Now that the peaceful retreat of Maliki and the transition to the new Prime Minister al-Abadi has been agreed, there is a great potential to win the Sunni tribes back and thus break the speedy advance of ISIS. Indeed, the Iraqi interior and defence ministry reported to have just successfully recruited 15,000 fighters from the Anbar tribes.

While ISIS are not only a serious threat to those in the Middle East, they do pose a threat to global security to the extent that it would be irresponsible not to take action. It’s important to remember that part of ISIS’ highly successful offensive in Iraq has been its high level of international recruitment: with approximately 500-700 UK citizens alone fighting with ISIS forces and ready to commit heinous atrocities as the recent murder of American photo journalist James Foley has shown.

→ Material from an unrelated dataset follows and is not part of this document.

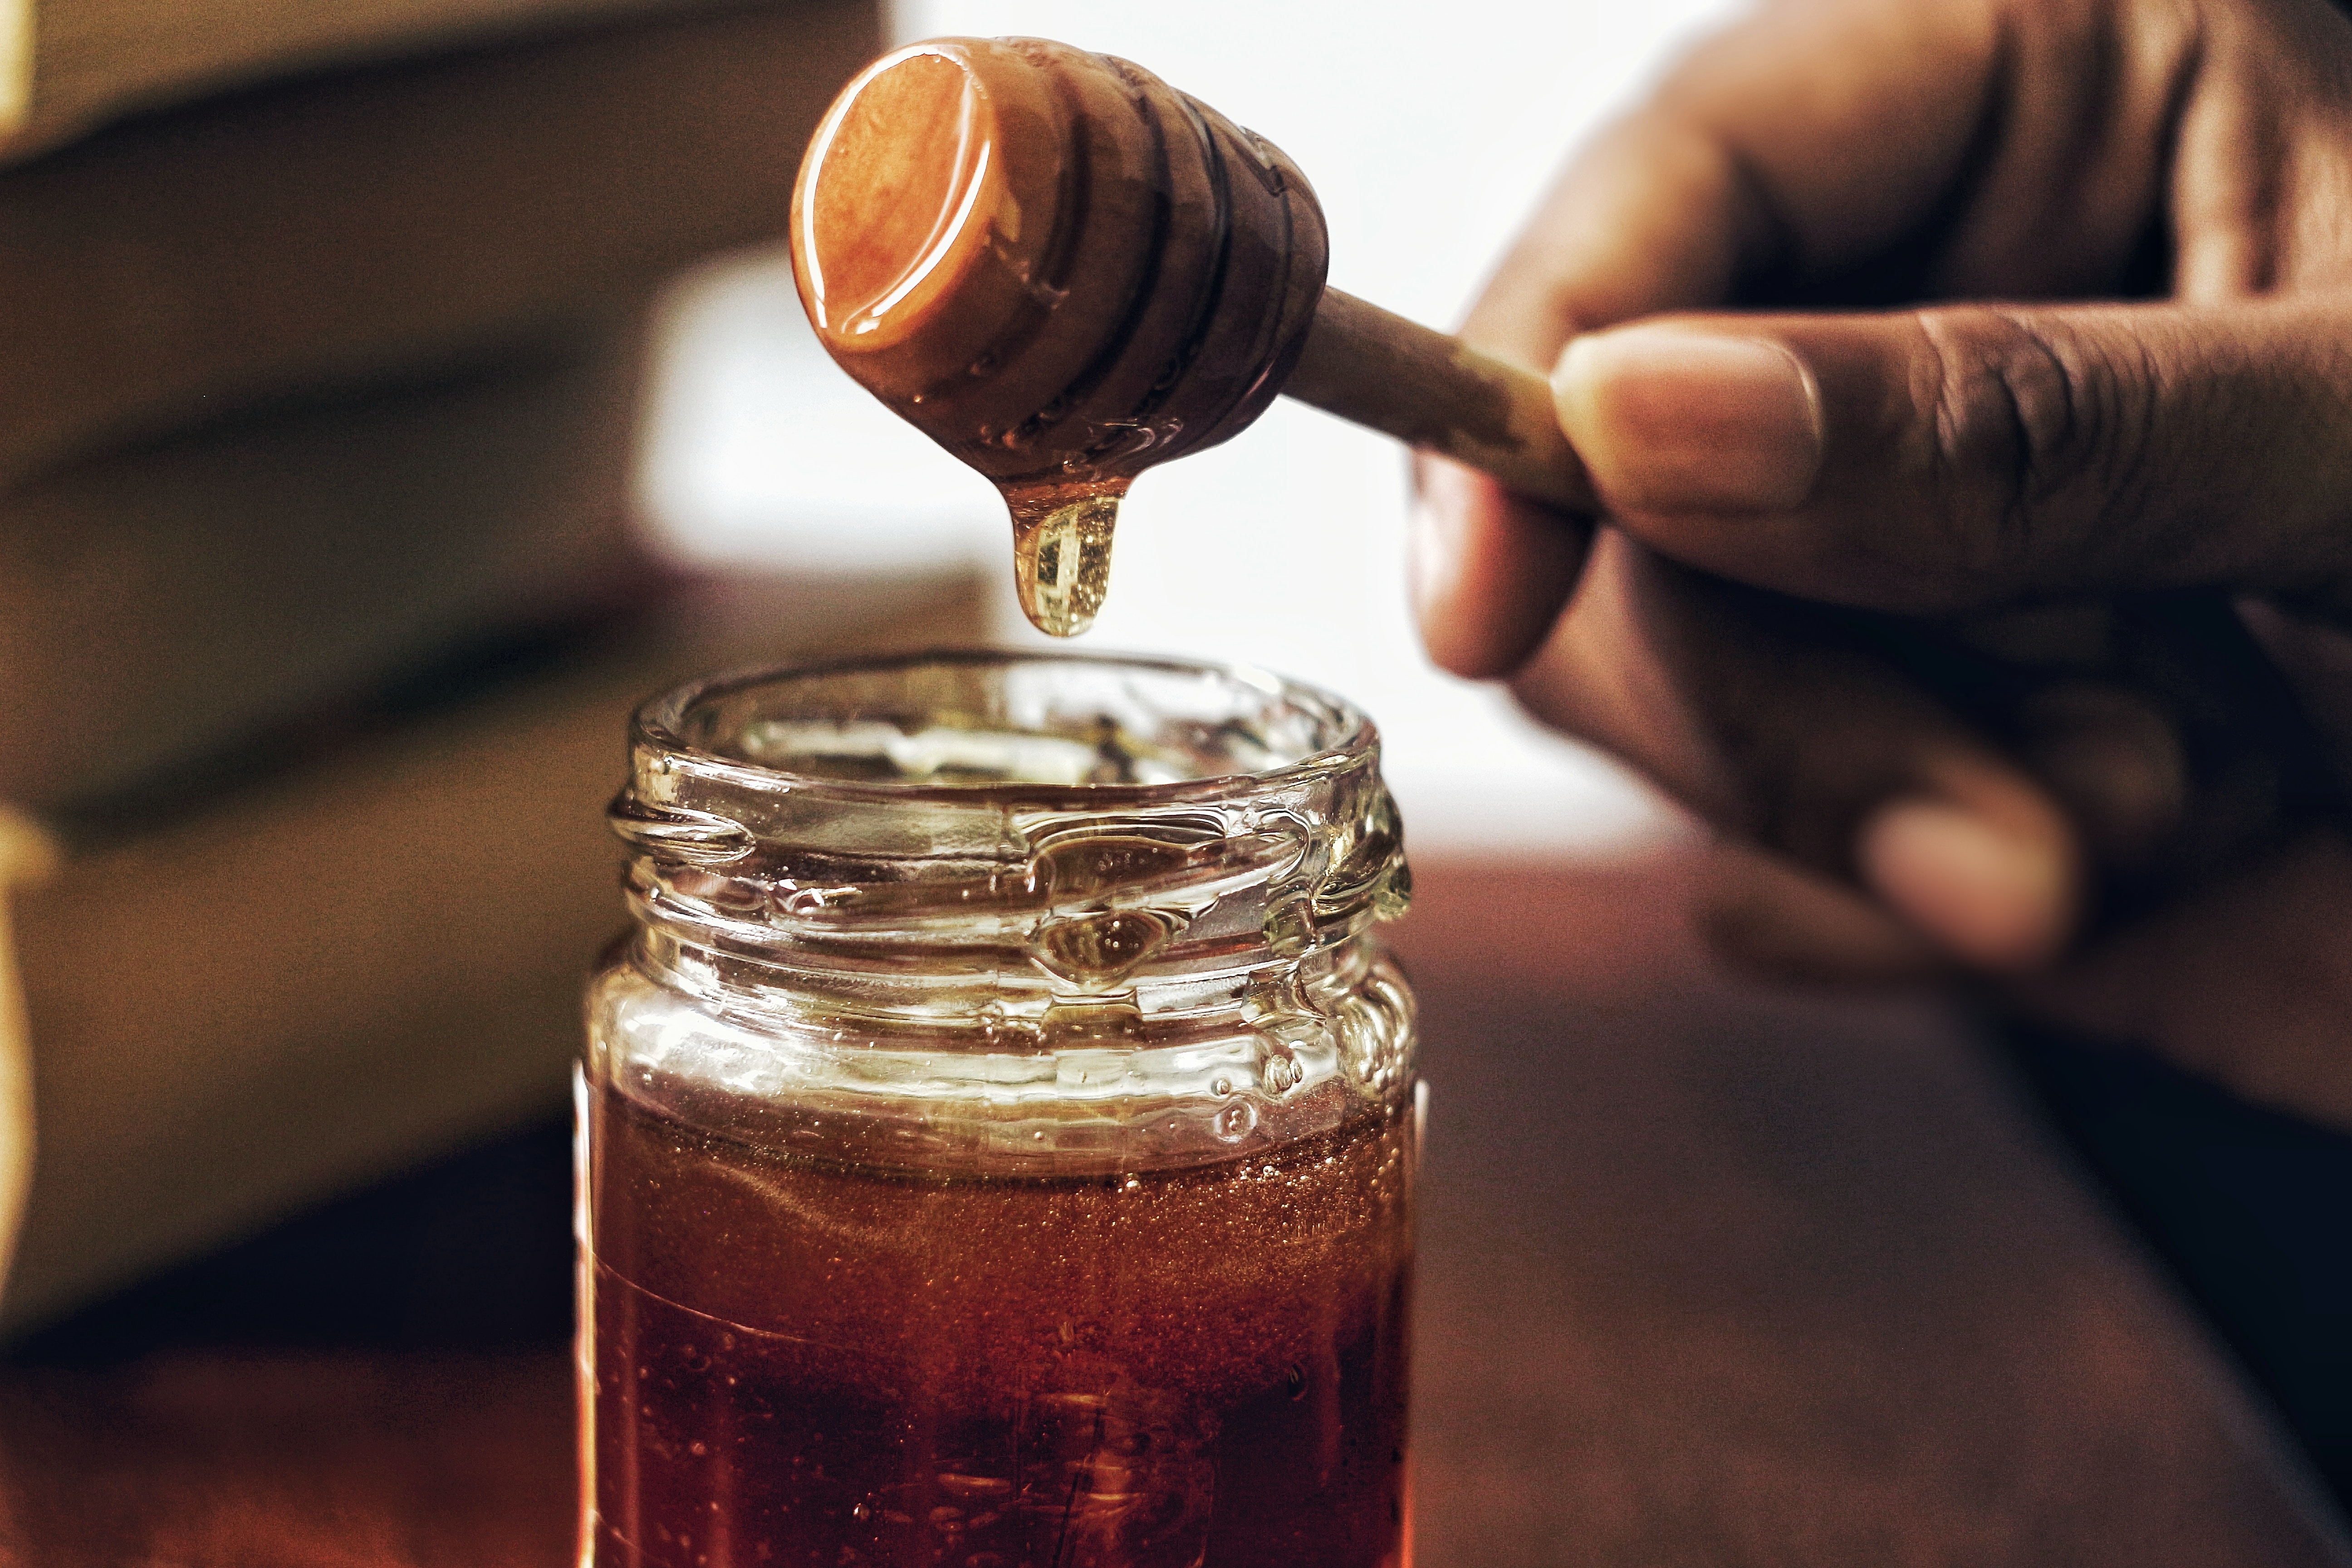 Honey in a bottle

Of course, ISIS recruits aren’t simply coming from the UK, there are multiple reports of French, German and Australian citizens fighting with them, too. The problem remains that when these citizens return, there have been clear indications that they wish to continue promoting ISIS agenda with some even openly declaring they wish to bring their jihad of intolerance and sectarianism to the streets of western civilisation.

Whether you view the intervention by UK and US coalition forces in Iraq in 2003 or the inaction in Syria 2011 as the cause of ISIS existence, it is clear that ISIS have set their sights on the west, They are as committed to the destruction of Western civilisation as they are the cultural heritage and diverse ethnic tapestry in Iraq. ISIS will continue to perpetrate genocides, inflict mass human rights abuses, and incite racial hatred across Syria and Iraq.

ISIS differ from many other terrorist and even Islamist movements that preceded them. The resources of the so called Islamic State are large, with unprecedented social media coverage and presence, include funds of nearly 2 billion dollars according to some worryingly high estimates, and a troop count of nearly 30-50,000 in Syria and Iraq alone, the majority of whom are experienced and battle-hardened. This organisation now rivals the beast that spawned it: al-Qaeda.

More than ever, Iraq needs our help. Military action in the form of air strikes by Western forces can limit, if not outright destroy ISIS. But inaction would let ISIS continue to grow like tumorous cancer in the heart of the Middle East. And like a cancer, untreated it will spread to other areas, eventually resulting in fatal consequences for the whole.

It’s crucial to consider how ISIS were born and how they were given new life: this helps us view the dangers of our inaction clearly. Our failure to intervene in Syria has led to a political and security vacuum, in which terror groups like ISIS could fester. It’s time to reverse our policy of inaction and appeasement when confronted with pure savagery and evil. How we deal with this threat goes to the core character of our generation.

The question is: are we in our hearts Chamberlain or Churchill?

Edisa Korugic is a political and security risk analyst specialising in military interventions. Robbie Travers is the director of the Agora think tank which seeks to engage young people in politics.